Business Daily (Nairobi)
Okuttah Mark
29 April 2008
The world is fast changing and with the use of technology, property owners are now able to determine the amount of rent a tenant should pay, judging by the human flow to his or her premises.
The new method currently being used in some of the shopping malls like the Sarit Centre enables property owners to know which floors and corners of the building are frequented by customers and the human flow at any of the establishments at the mall.
Other than helping the property owners to gauge the rent each tenant should pay, the technology which captures real time information on human movement in the building, it's also a source of vital information for the tenants.
Such information enables a client gauge whether the floor in which his or her shop is located is the most suitable and whether they should consider moving to a better performing floor.
According to Peter Moll, the Sarit Centre public affairs coordinator, having the system is essential to monitor shopping trends and preferences.
"Managements of shopping centres need to know how many people visit their centre, hourly trends, and just which entrances and aisles within the mall they use," said Mr Moll.
"Traffic flow within the centre can determine prime positions and best unit options and therefore influence the asking (and getting) price per square metre. However, historically we have charged the highest rents for the ground and lower ground floor and the rent for other floors decreases the higher one goes" said Mr Moll.
Mr Moll says the Sarit Centre management became aware of this deficiency while planning for its phase three of automation development whose cost is estimated at Sh1 billion.
They contracted KAPS Ltd an automation company - which had been retained to install the computerised parking fee system at the centre- to come up with a movement counter solution.
Without such counts, he says centre managers are operating blindly and therefore make decisions without the necessary data to support them.
The human counts have also helped to establish the average number of shoppers within the centre at any one time, and likely use of such public facilities as washrooms or potential customers in the food court at lunchtime, for example.
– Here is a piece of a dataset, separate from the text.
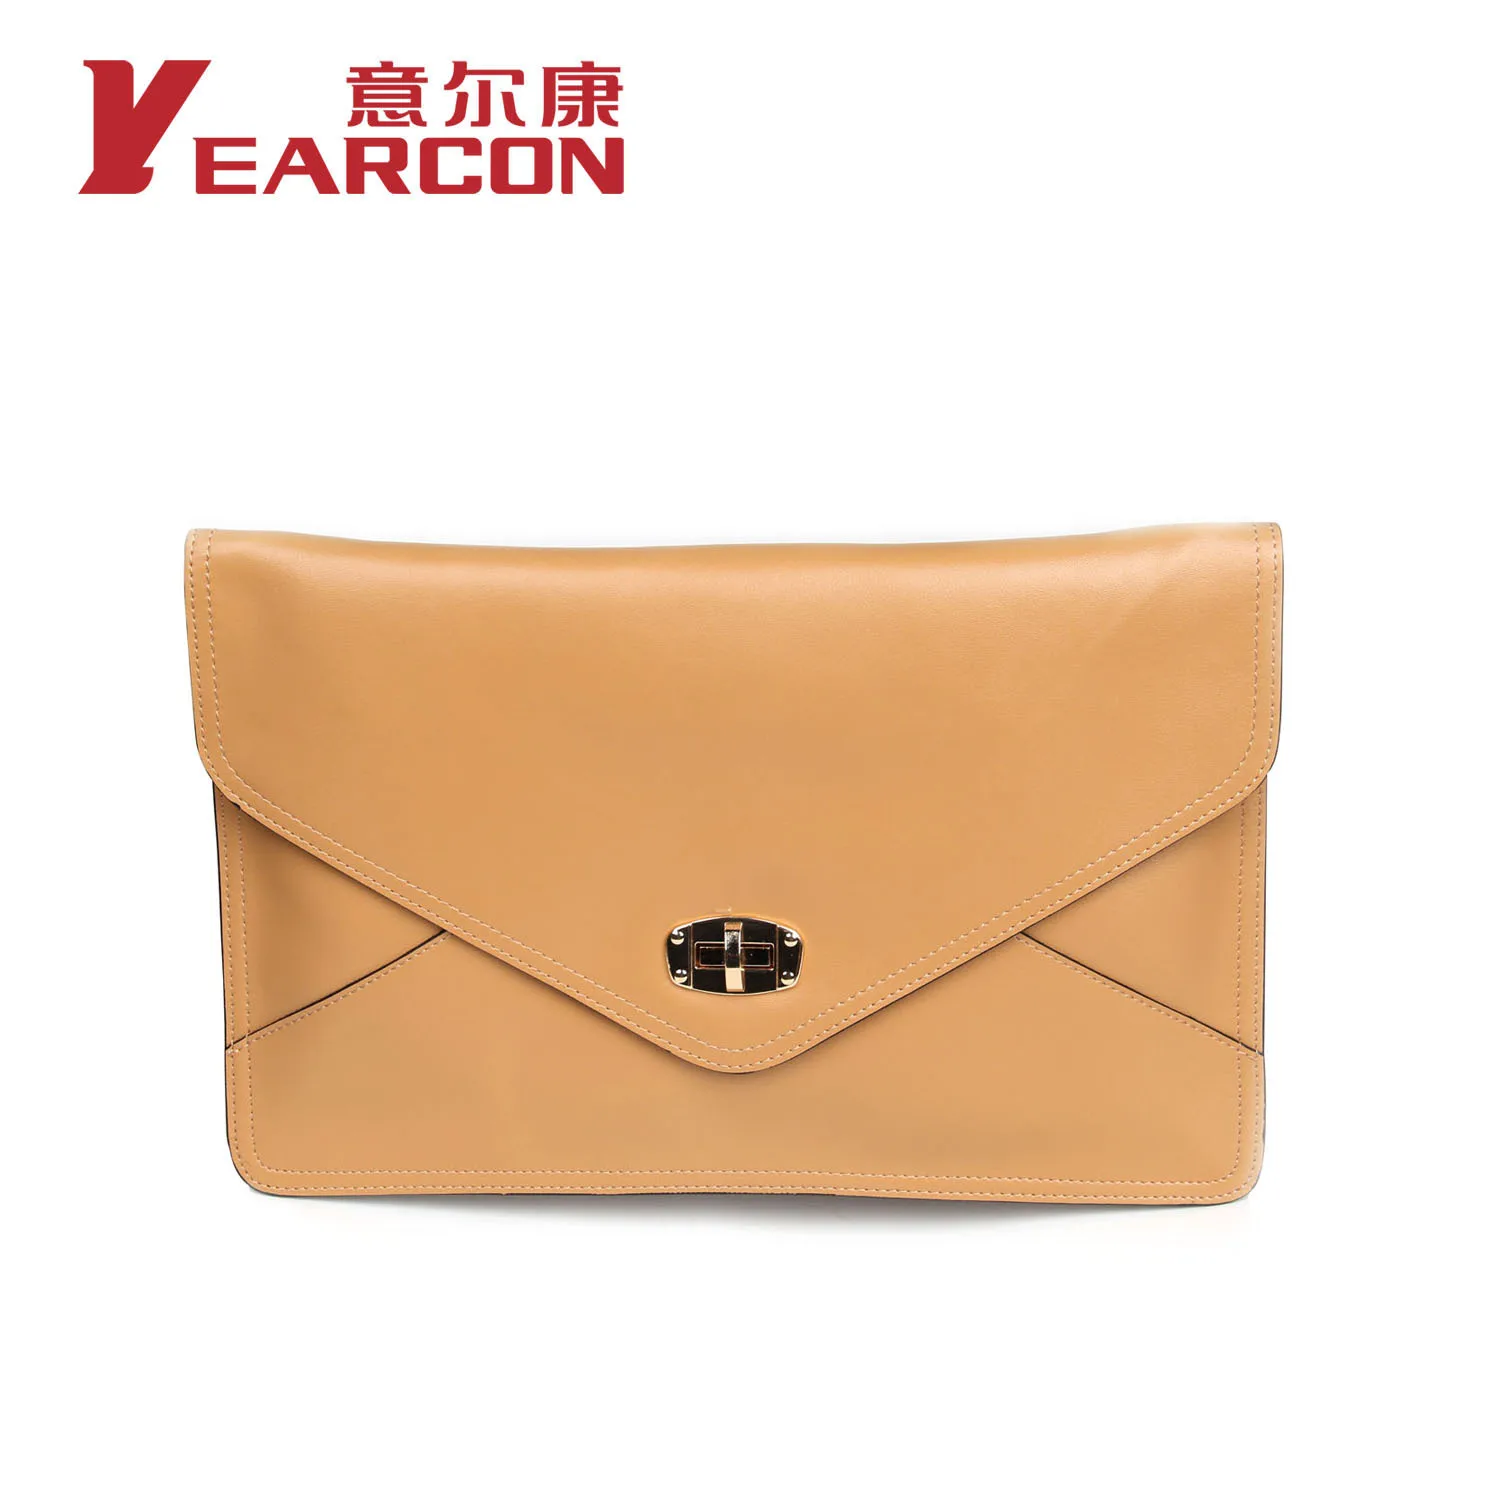 Yierkang (yearcon) bag women's bag Messenger bag stitching color contrast  handbag tassel all-match single shoulder
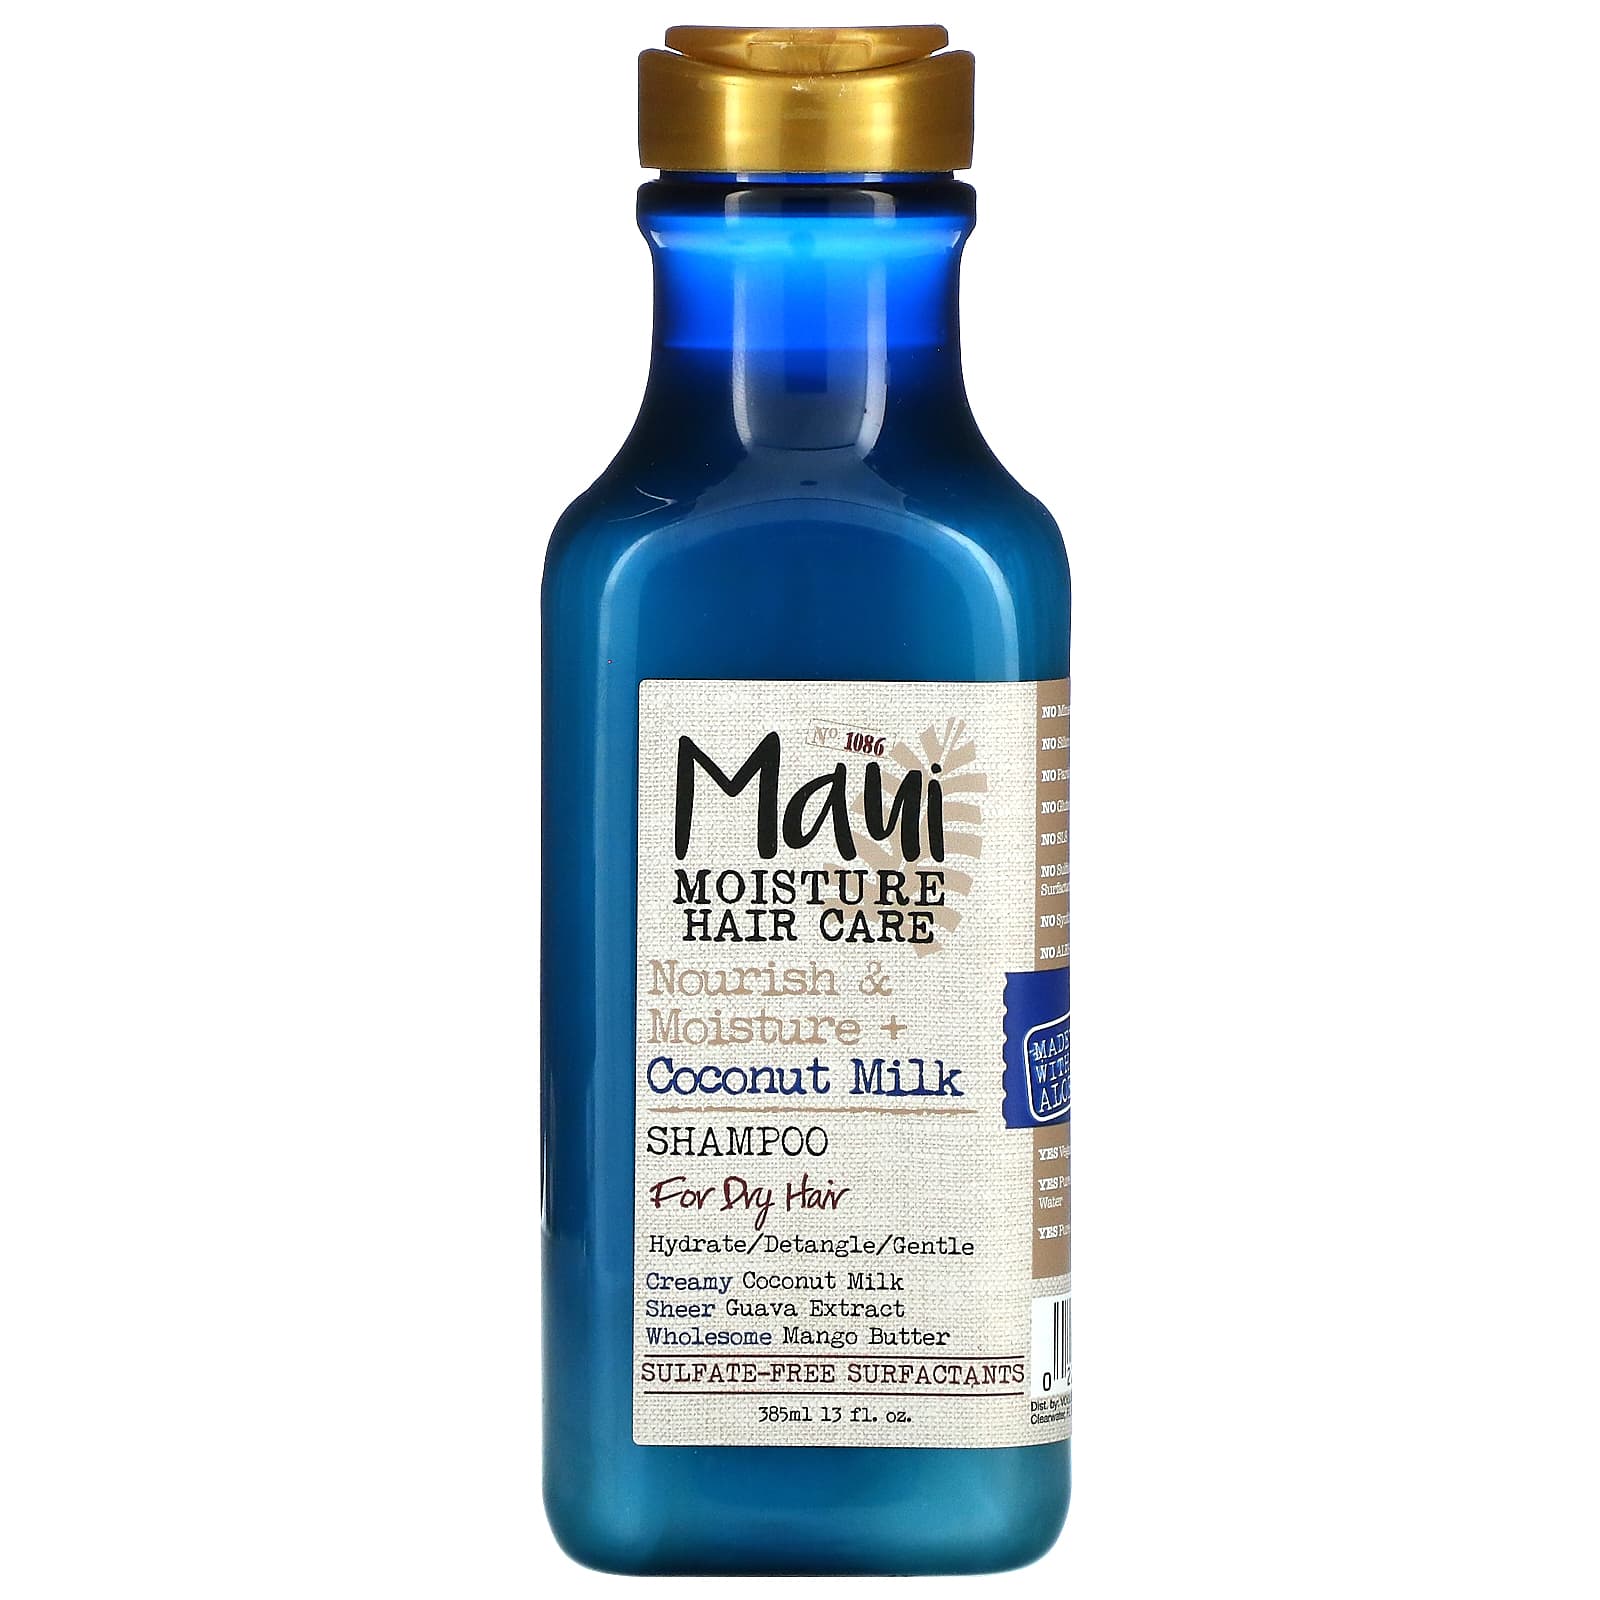 Maui Moisture, Hair Care, Nourish & Moisture + Coconut Milk Shampoo, For  Dry Hair, 13 fl oz (385 ml)

He says that computerised counts are more reliable. He cites that during last year's Christmas shopping season, the centre was receiving an average of 25,000 shoppers daily.
According to Eric Mwandia, the managing director of KAPS limited , the rents of such premises are no longer uniform but determined by the amount of business activity taking place in a particular floor.
The business owners he says, are also able to monitor whether a particular promotion campaign they might have placed either in the building or in other media is working out.
"The people counting system on each exit and entrance helps the malls in space planning, determining the rent of each floor and when the companies need to go for advertisement" said Mr Mwandia.
According to Mr Mwandia, other than the property owners those likely to benefit from the technology are the bill boards advertisers.
With the technology one would be able to know which particular vehicles passed on a particular road and thus be able to make judgment which road exactly to place the advert. This he also says will become handy when deciding the rates of the bill boards.
He says at the moment it is very hard for companies who put their adverts on the bill boards to know which area is a hotspot.
The Sarit Centre instituted periodical and seasonal hand-counts of pedestrian traffic back in 1985 which it claims managed it to record 50,000 plus shoppers on 24th December- Christmas Eve- of that year when there was no competing malls then built. Its first step to move from hand-counts came early last year when KAPS installed the automated system on the Centre's eight entrances and into its exhibition centre.
In retrospect, Mr Moll says the system has been invaluable in establishing vital statistics on customer numbers and the entrances they use to access the centre, and therefore reinforcing data derived, for example, from car park figures.